# Rate-Time-Distance Problems

When you have a rate of motion, such as $x$ feet per $y$ seconds, or $x$ miles per $y$ hours, you can use the important relationship

rate × time = distance

to solve many problems.

Example 1:

If you ride your cycle at a speed of $15$ miles an hour in a straight line, how far will you be from your starting place after $3$ hours?
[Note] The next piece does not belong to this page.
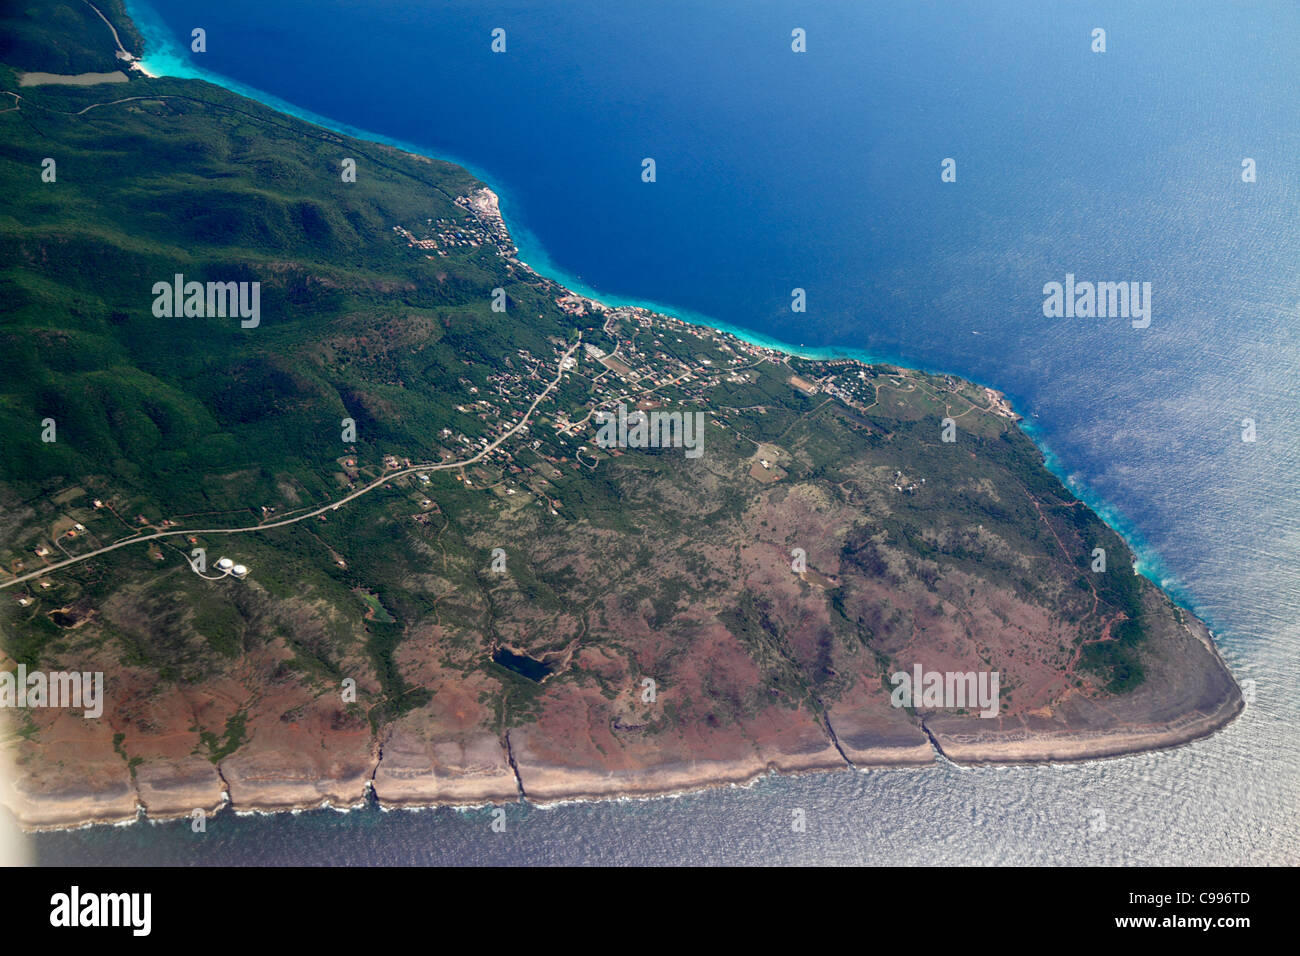 Curaçao,pays-Bas Lesse Leeward Antilles,ABC Islands,Dutch,Westpunt,Playa Kalki,Mer des Caraïbes,eau,vue aérienne au-dessus,American Airlin Banque D'Images

The rate is $\frac{15\text{\hspace{0.17em}}\text{\hspace{0.17em}}\text{miles}}{1\text{\hspace{0.17em}}\text{\hspace{0.17em}}\text{hour}}$ , and the time is $3$ hours.

Multiply:

$\frac{15\text{\hspace{0.17em}}\text{\hspace{0.17em}}\text{miles}}{1\text{\hspace{0.17em}}\text{\hspace{0.17em}}\overline{)\text{hour}}}\cdot 3\text{\hspace{0.17em}}\text{\hspace{0.17em}}\overline{)\text{hours}}=45\text{\hspace{0.17em}}\text{\hspace{0.17em}}\text{miles}$

So, you will be $45$ miles from your starting place.

Example 2:

Light leaving the Sun takes about $8$ minutes to reach the Earth, traveling a distance of approximately $93,000,000$ miles. Find the speed of light in miles per second.
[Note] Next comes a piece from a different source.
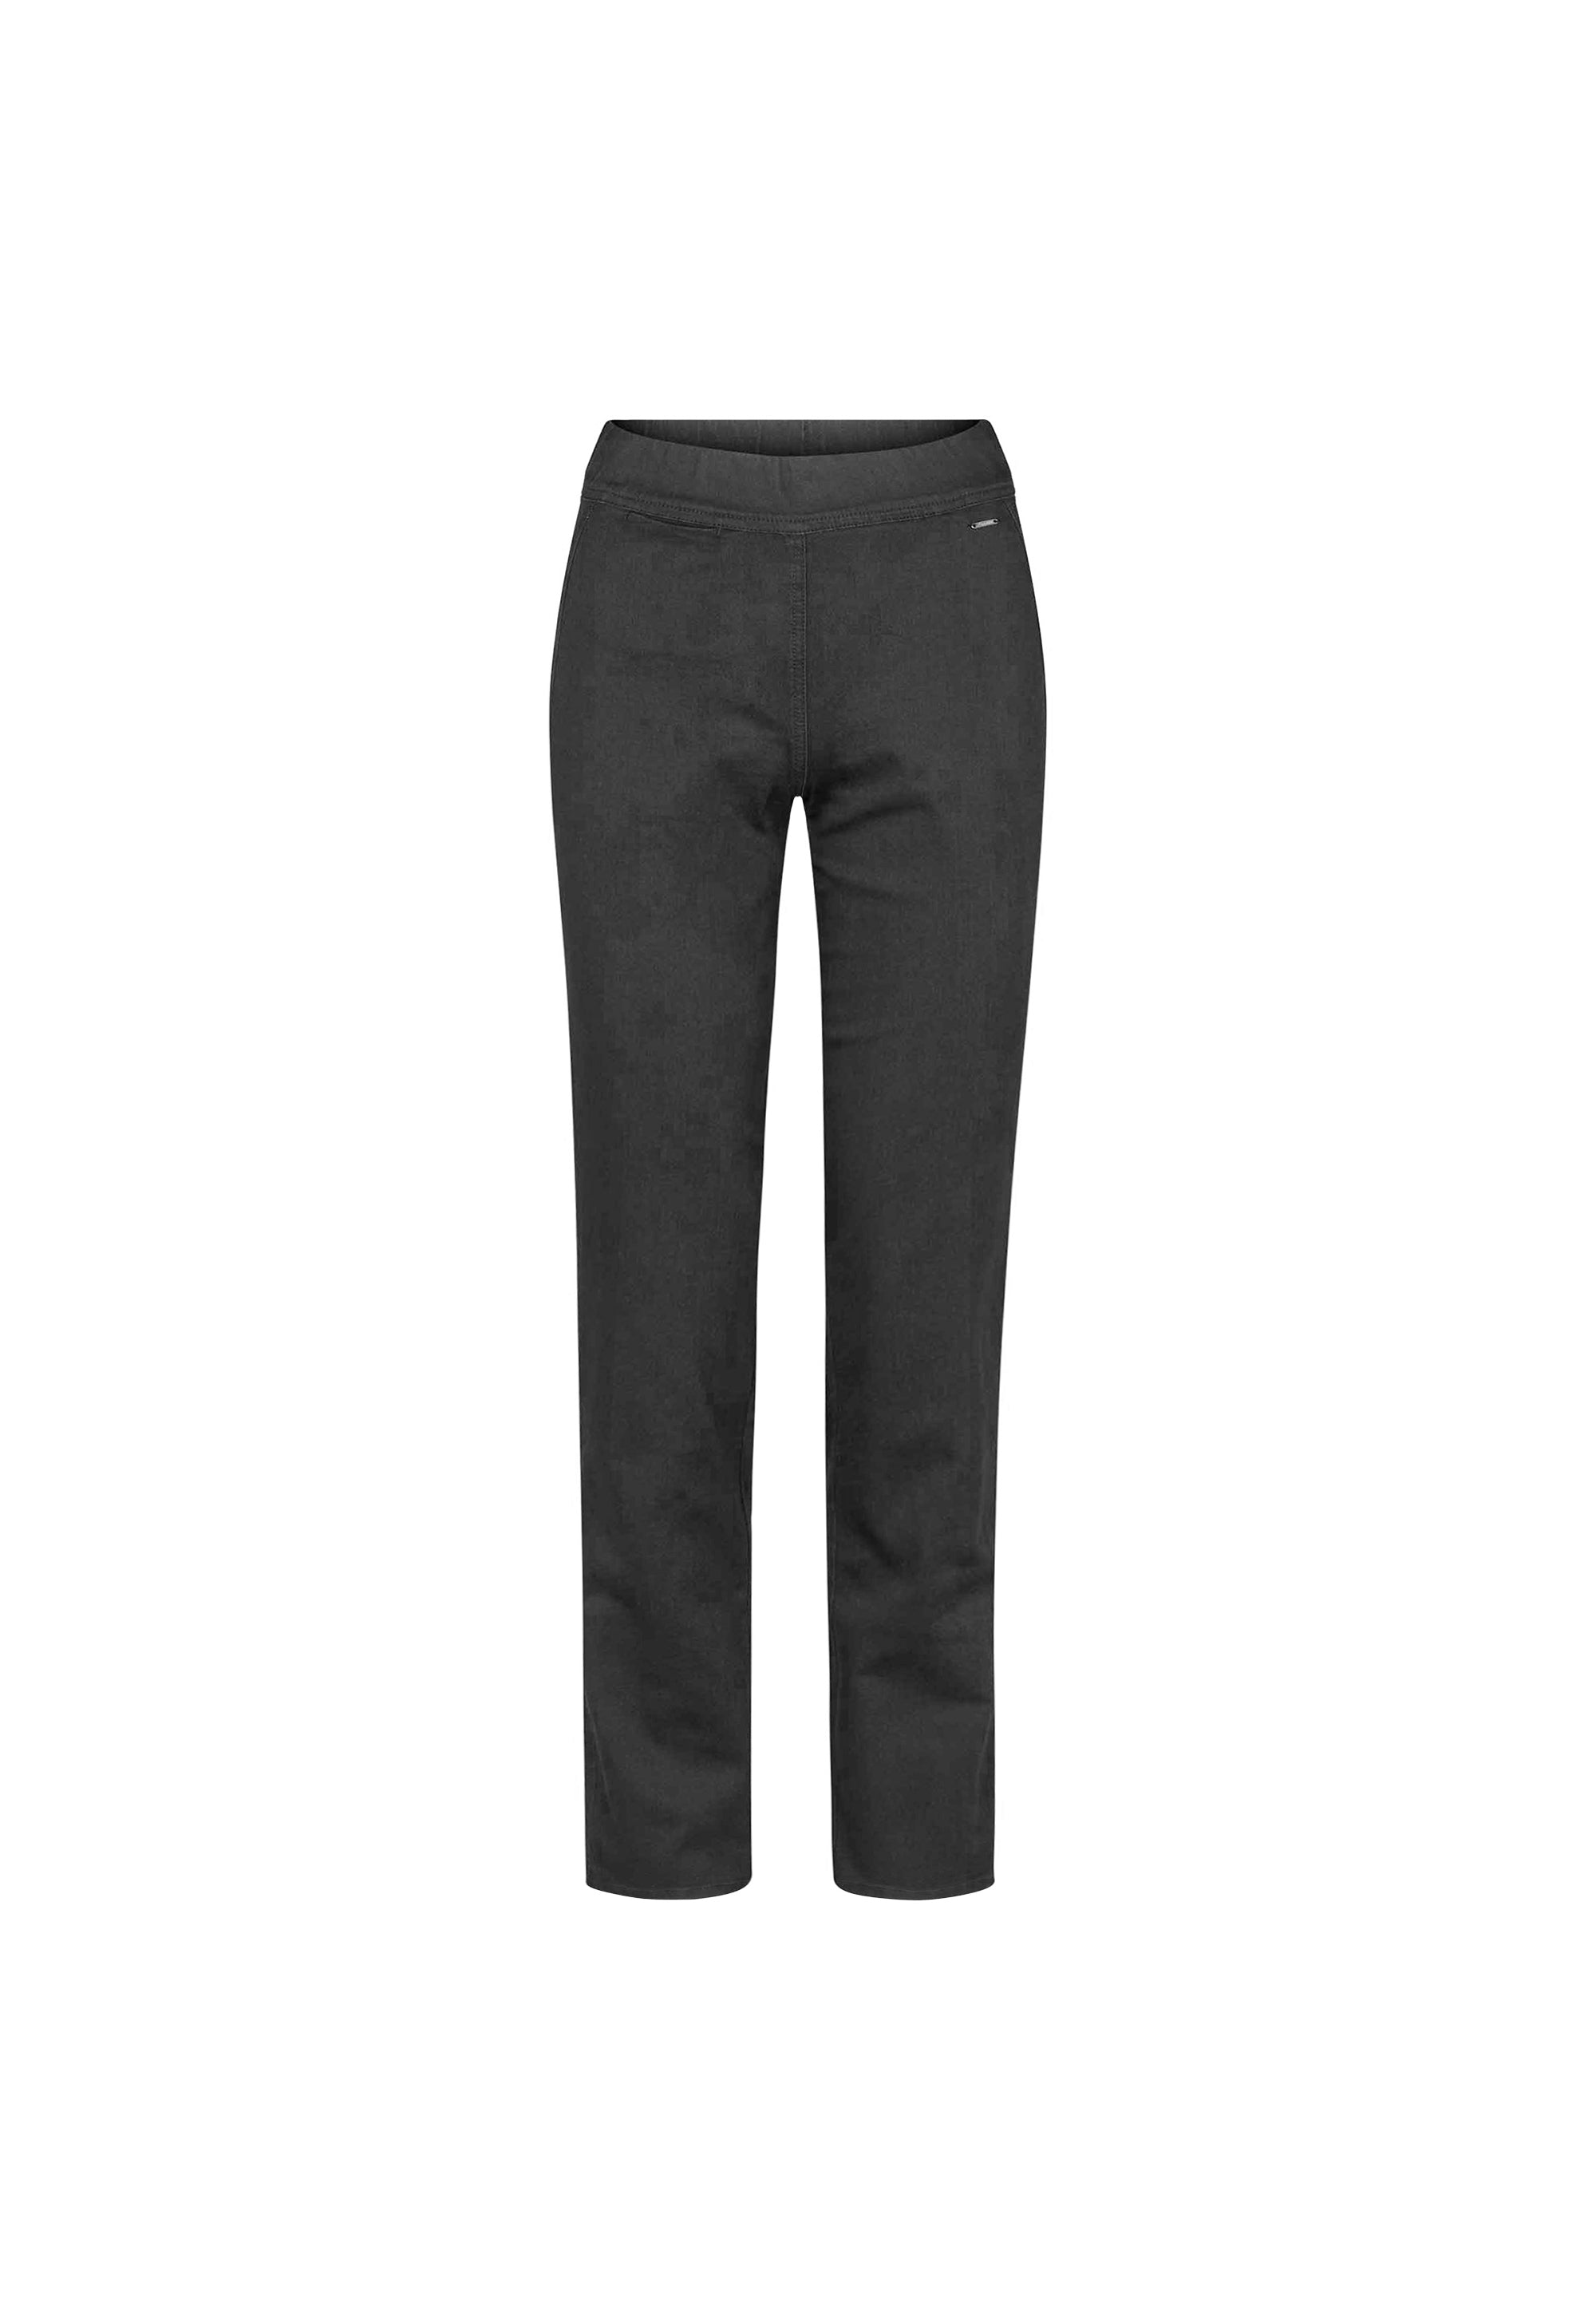 LAURIE Serene Regular - Long Length Trousers REGULAR 99000 Black

The rate is unknown. The time is $8$ minutes and the distance is $93,000,000$ miles.

Set up an equation.

$r\cdot 8\text{\hspace{0.17em}}\text{\hspace{0.17em}}\text{minutes}=93,000,000\text{\hspace{0.17em}}\text{\hspace{0.17em}}\text{miles}$

Divide both sides by $8$ minutes.

$r=\frac{93000000\text{\hspace{0.17em}}\text{\hspace{0.17em}}\text{miles}}{8\text{\hspace{0.17em}}\text{\hspace{0.17em}}\text{minutes}}$

Divide $93,000,000$ by $8$ to reduce the fraction.

$r=\frac{11625000\text{\hspace{0.17em}}\text{\hspace{0.17em}}\text{miles}}{\text{minute}}$

Divide by $60$ to get miles per second.

$r\approx \frac{193,750\text{\hspace{0.17em}}\text{\hspace{0.17em}}\text{miles}}{\text{second}}$

So the speed of light is about $190,000$ miles per second.